Vorsitzender Josef Völkl zeigte sich mit dem Geschehen zufrieden: "Es ist gelungen, den Chor zu stabilisieren. Das gilt für die Zahl der Sänger ebenso wie für die Qualität unserer Darbietungen." Die Entwicklung mache Mut auf dem Weg in die Zukunft. Nicht nachgelassen werden dürfe bei der Überzeugungsarbeit, weitere Interessenten für den Chorgesang zu gewinnen: "Das würde unserer Gemeinschaft gut tun, bringt jedem einzelnen aber genauso eine persönliche Bereicherung."

Lob galt dem treuen Stamm der Sänger, die mit ihrem Engagement für die Basis beim Vereinsleben sorgen. Willi Jakob und Ehrenvorsitzender Willy Stahl fehlten bei keiner Veranstaltung. Im Durchschnitt fanden sich im Übrigen 15,5 Teilnehmer bei den Treffen ein.

Um den guten Klang kümmerten sich Chorleiter Herbert Kraus und Stellvertreter Hermann Riedl. Völkl würdigte deren Einsatz: "Ihrer Geduld und ihrem Können haben wir viel zu verdanken." Kraus gab das Kompliment zurück: "Macht mit Fleiß und Ehrgeiz weiter, dann ist es um den Männergesangverein auch in den kommenden Jahren gut bestellt. Ein besonderes Augenmerk muss den wöchentlichen Singstunden gelten." Völkl weckte Erinnerungen an markante Termine. Der Vorsitzende spannte den Bogen von Geburtstagsständchen über das Maiansingen, das Mitwirken beim Überlebendentreffen in der KZ-Gedenkstätte oder den Serenadenabend "Flossenbürger Klänge" bis hin zum Weihnachtszauber am Rumpelbach.

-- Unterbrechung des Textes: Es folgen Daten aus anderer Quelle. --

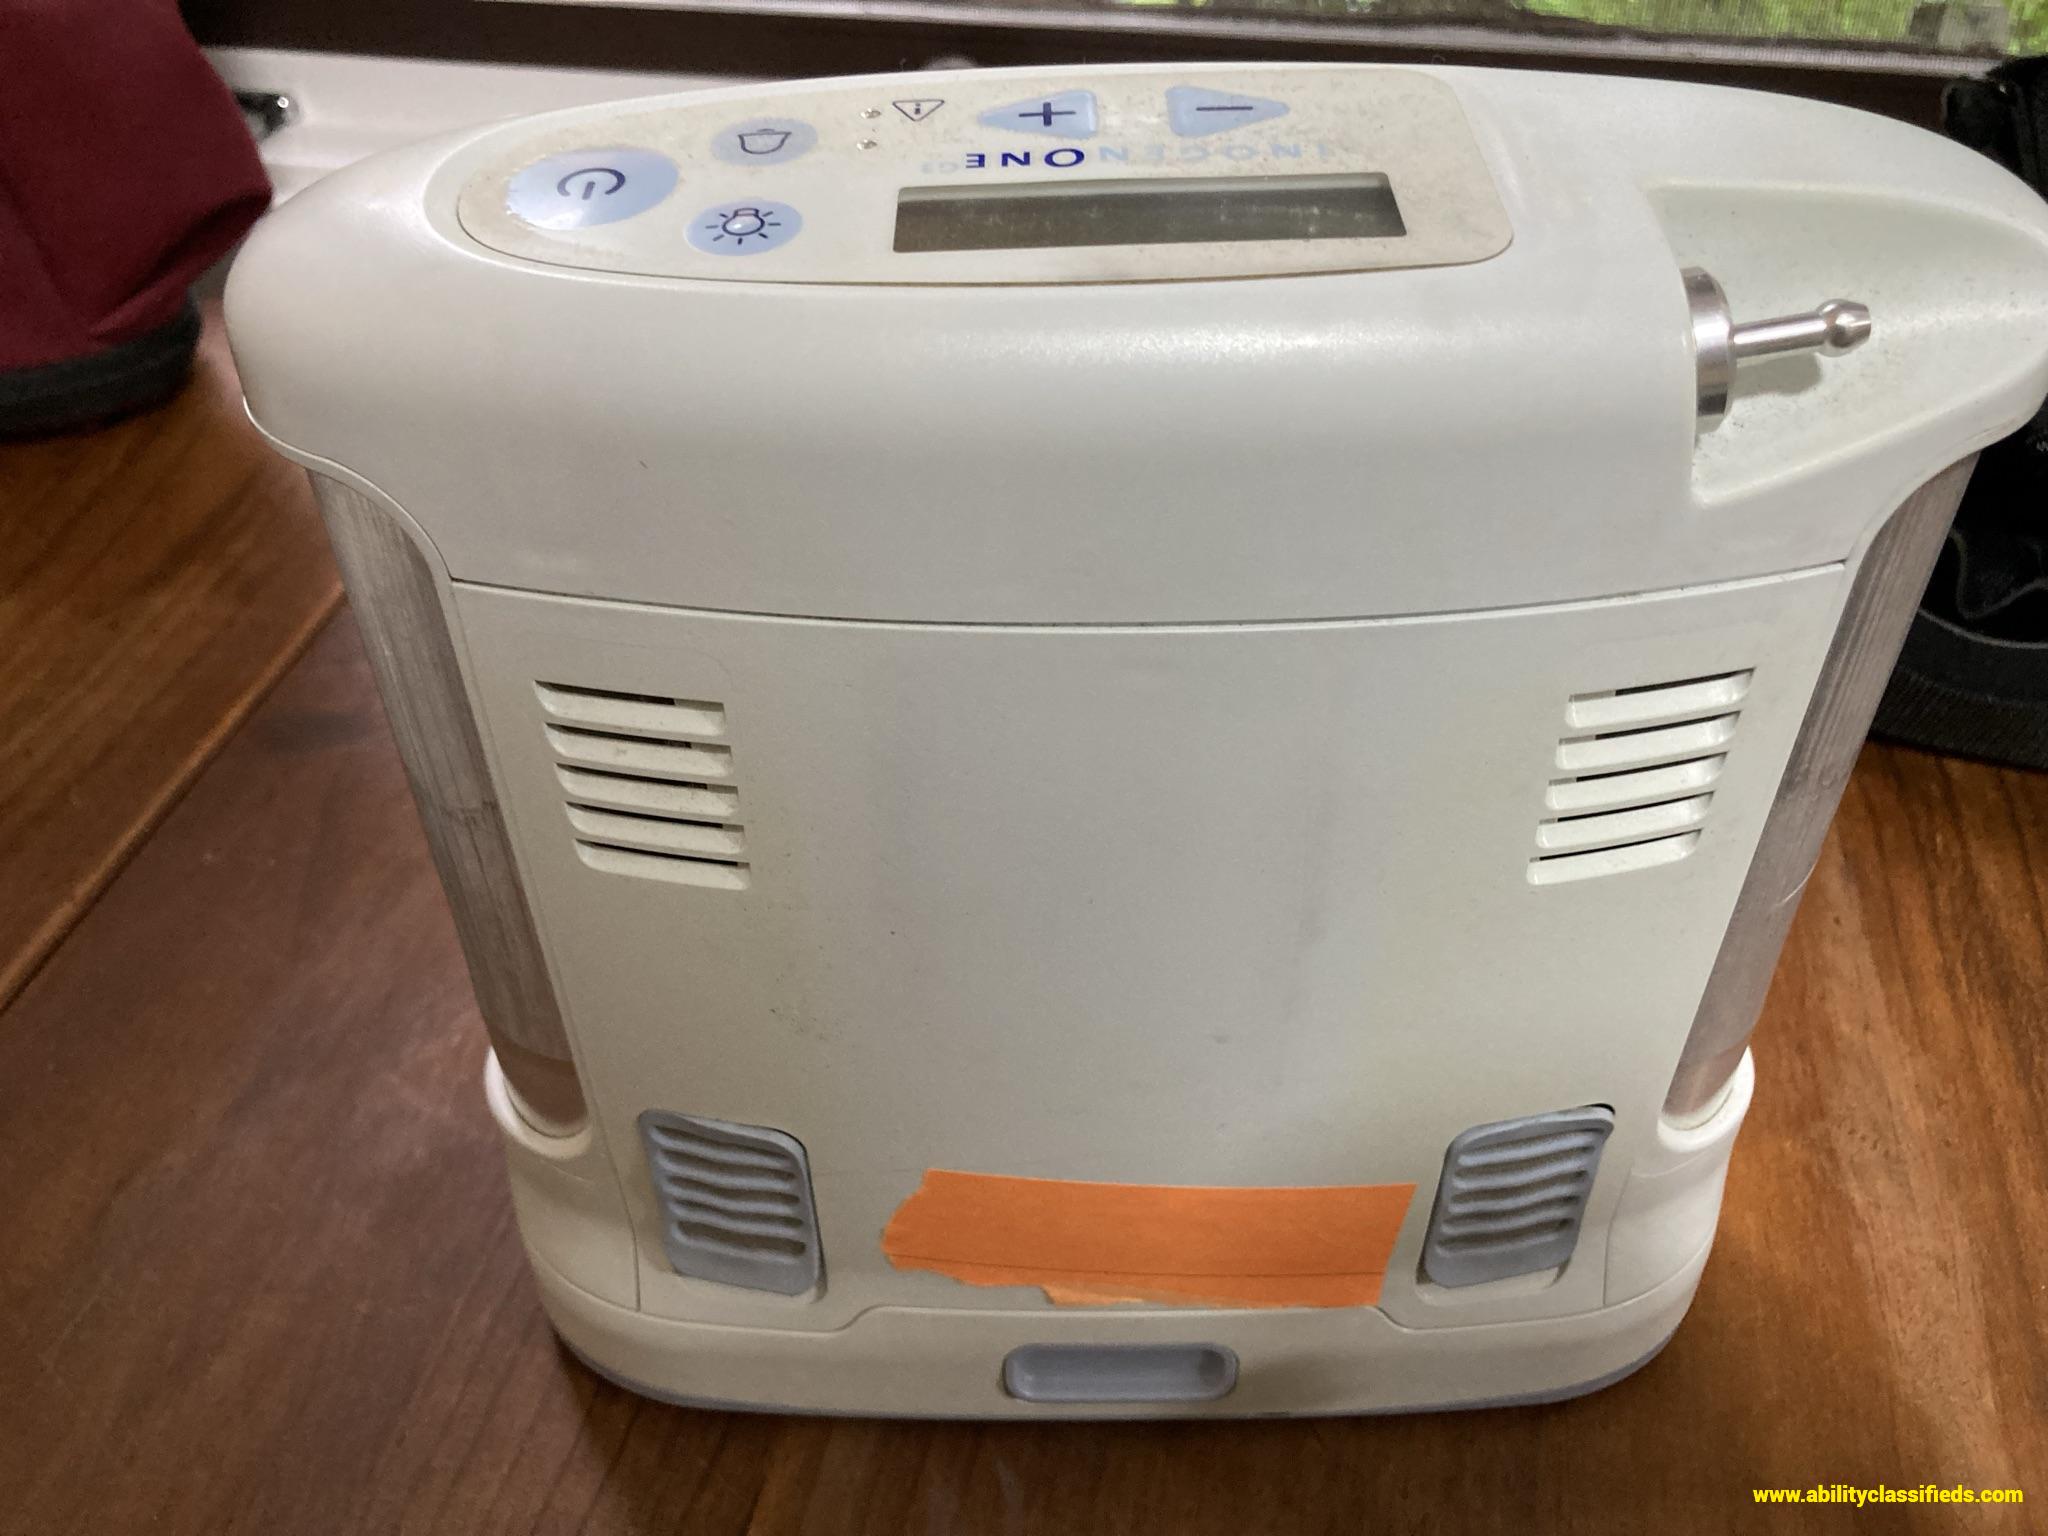 Inogen One G3 Portable Oxygen Concentrator, with accessories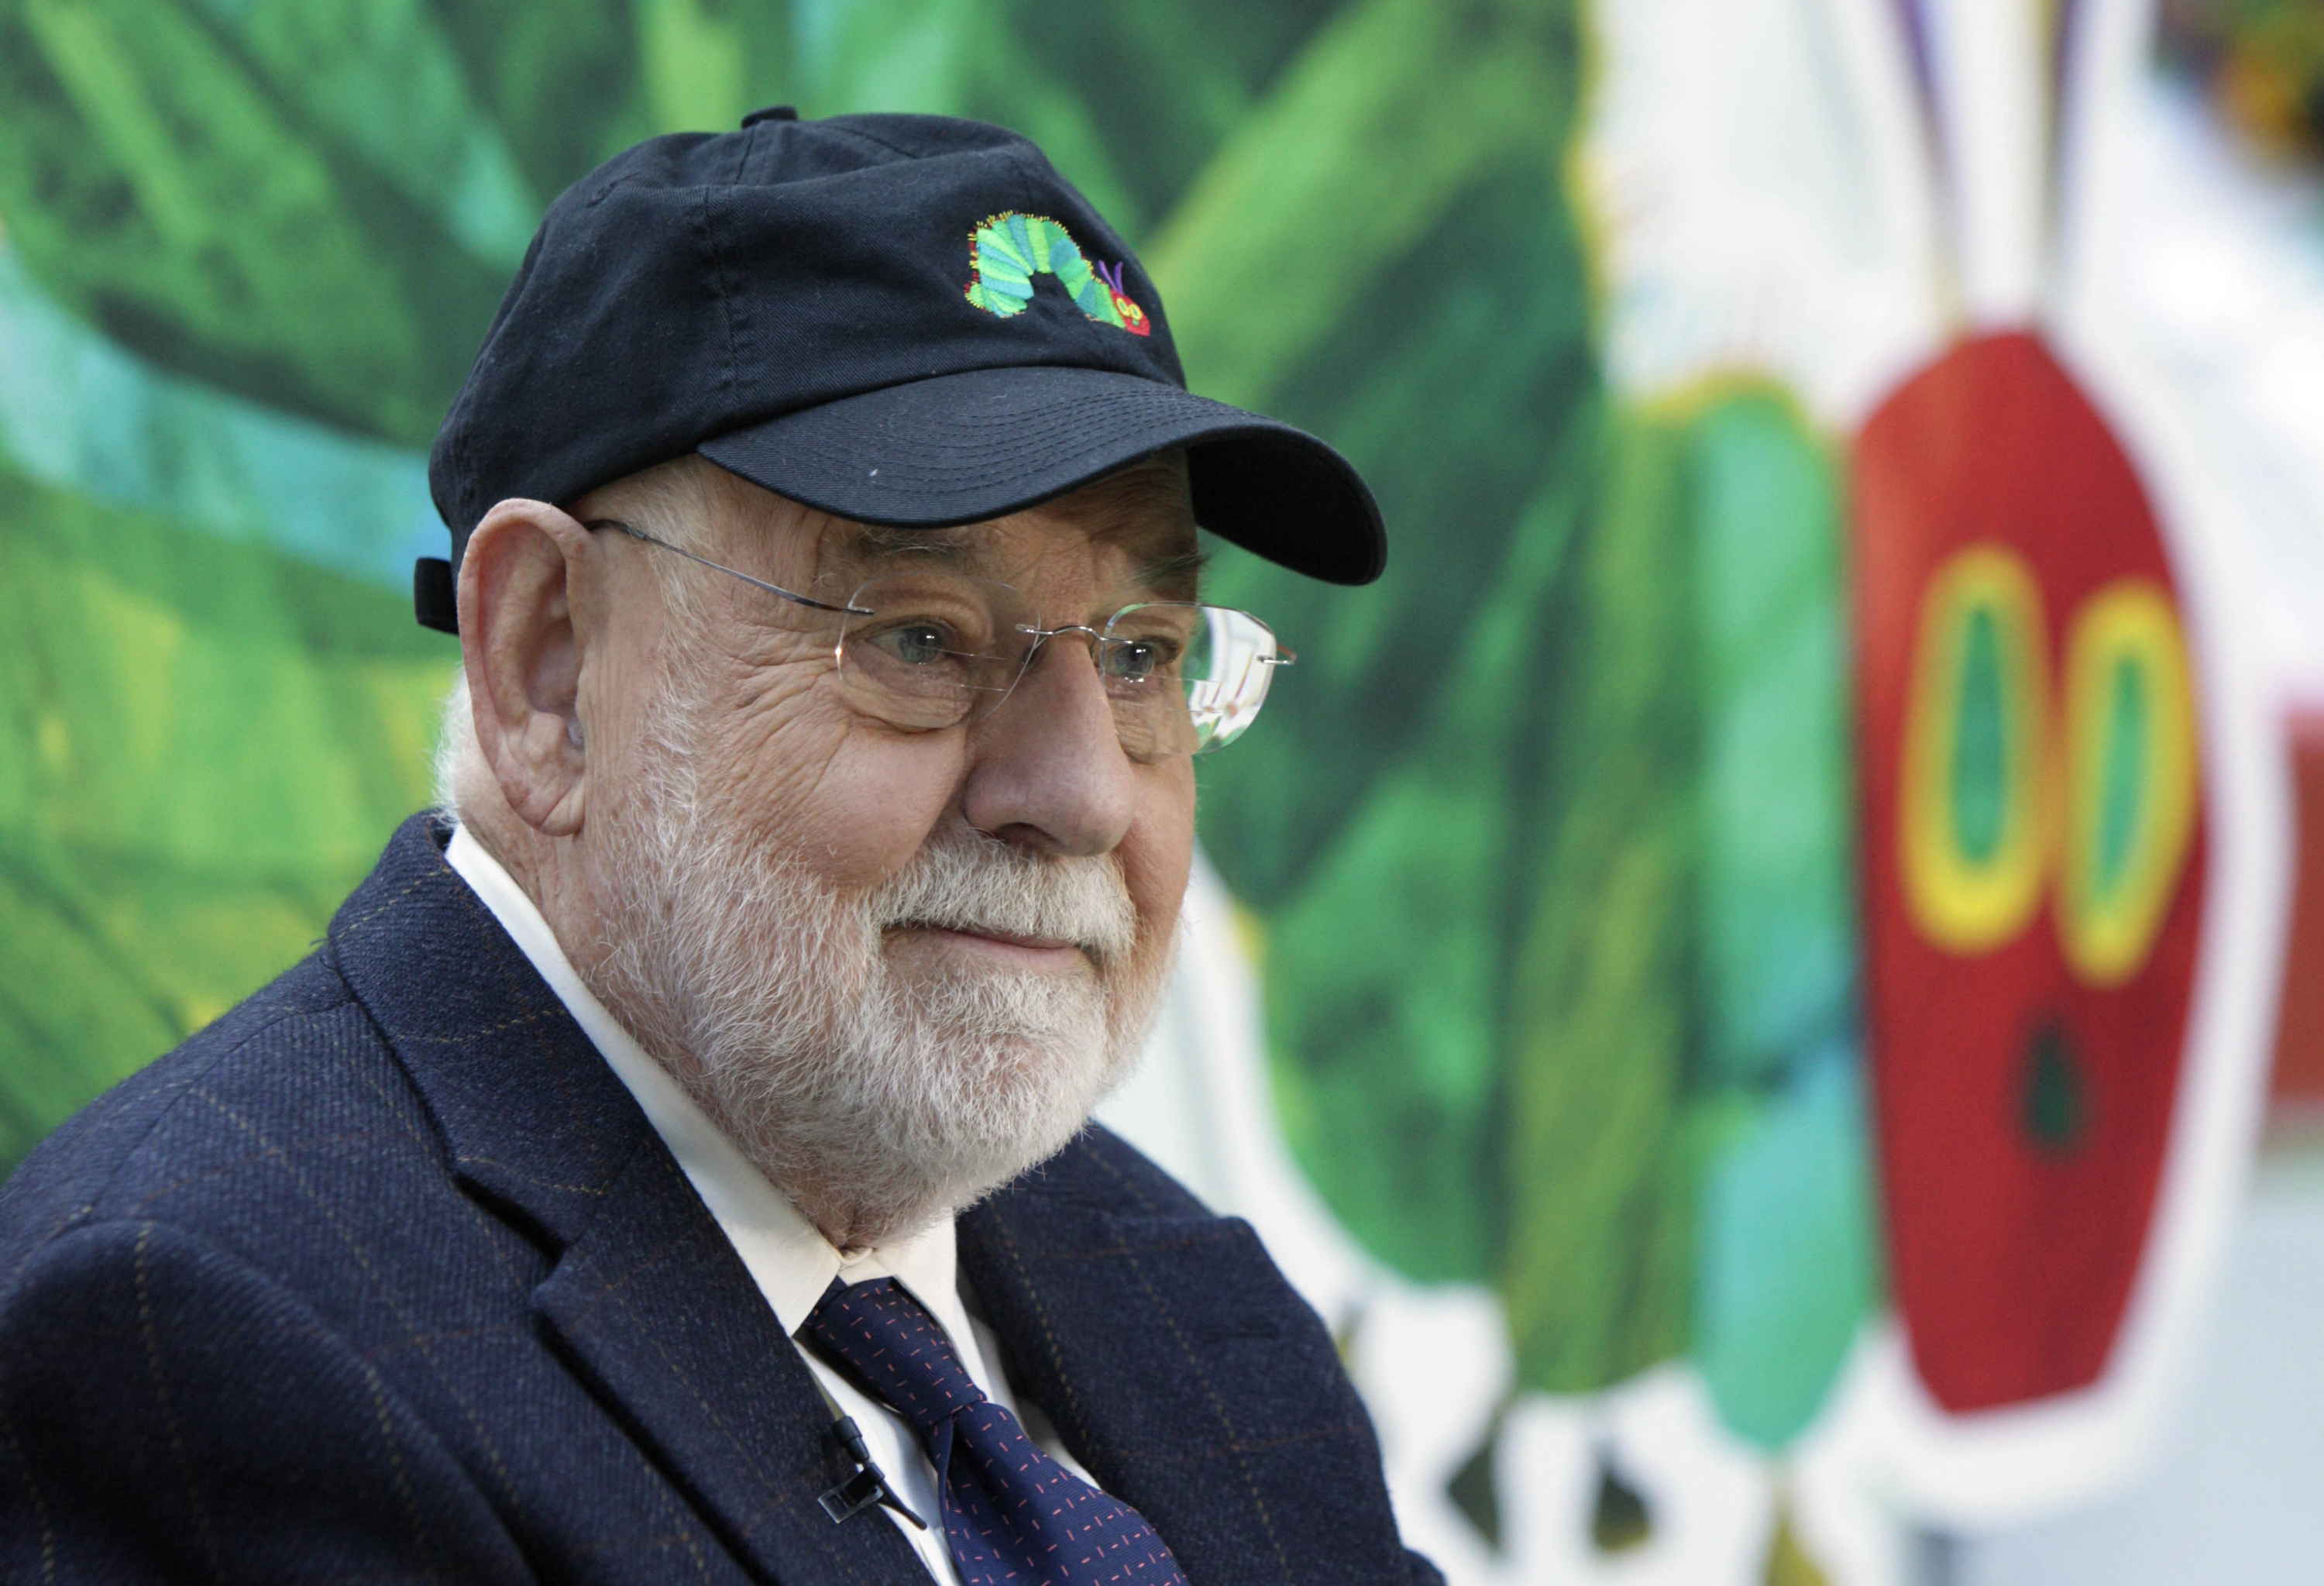 The Very Hungry Caterpillar' author Eric Carle dies at 91

Zwei Ausflüge bleiben lange im Gedächtnis. 48 Teilnehmer starteten im März quasi zur Fachexkursion nach Tschechien. In Pilsen ließen sie sich von Verdis Oper "La Traviata" verzaubern. Die Inszenierung begeisterte ebenso, wie das gebotene Rahmenprogramm. Peter Sailer kümmerte sich im Oktober um eine Tour, die ebenfalls ins Nachbarland führte. Impressionen in Eger, beim Hans-Heilig-Felsen, in Loket, im Naturreservat Soos oder in der Burg Vildstein sorgten für kurzweilige und gesellige Stunden.

"Freunde erhebt das Glas", mit dem Lied stießen die Sänger auf das Jahr 2015 an. Verbunden war das mit der Vorfreude auf den bevorstehenden Veranstaltungsreigen. An die Öffentlichkeit treten wird der MGV mit musikalischen Beiträgen für zwei Gottesdienste oder bei einem Weihnachtskonzert. Im Herbst geht es für drei Tage in den Spreewald.

Dritter Bürgermeister Peter Gruber lobte: "Die Sänger bleiben nicht unter sich. Sie bereichern das Leben in unserem Ort ganz wesentlich."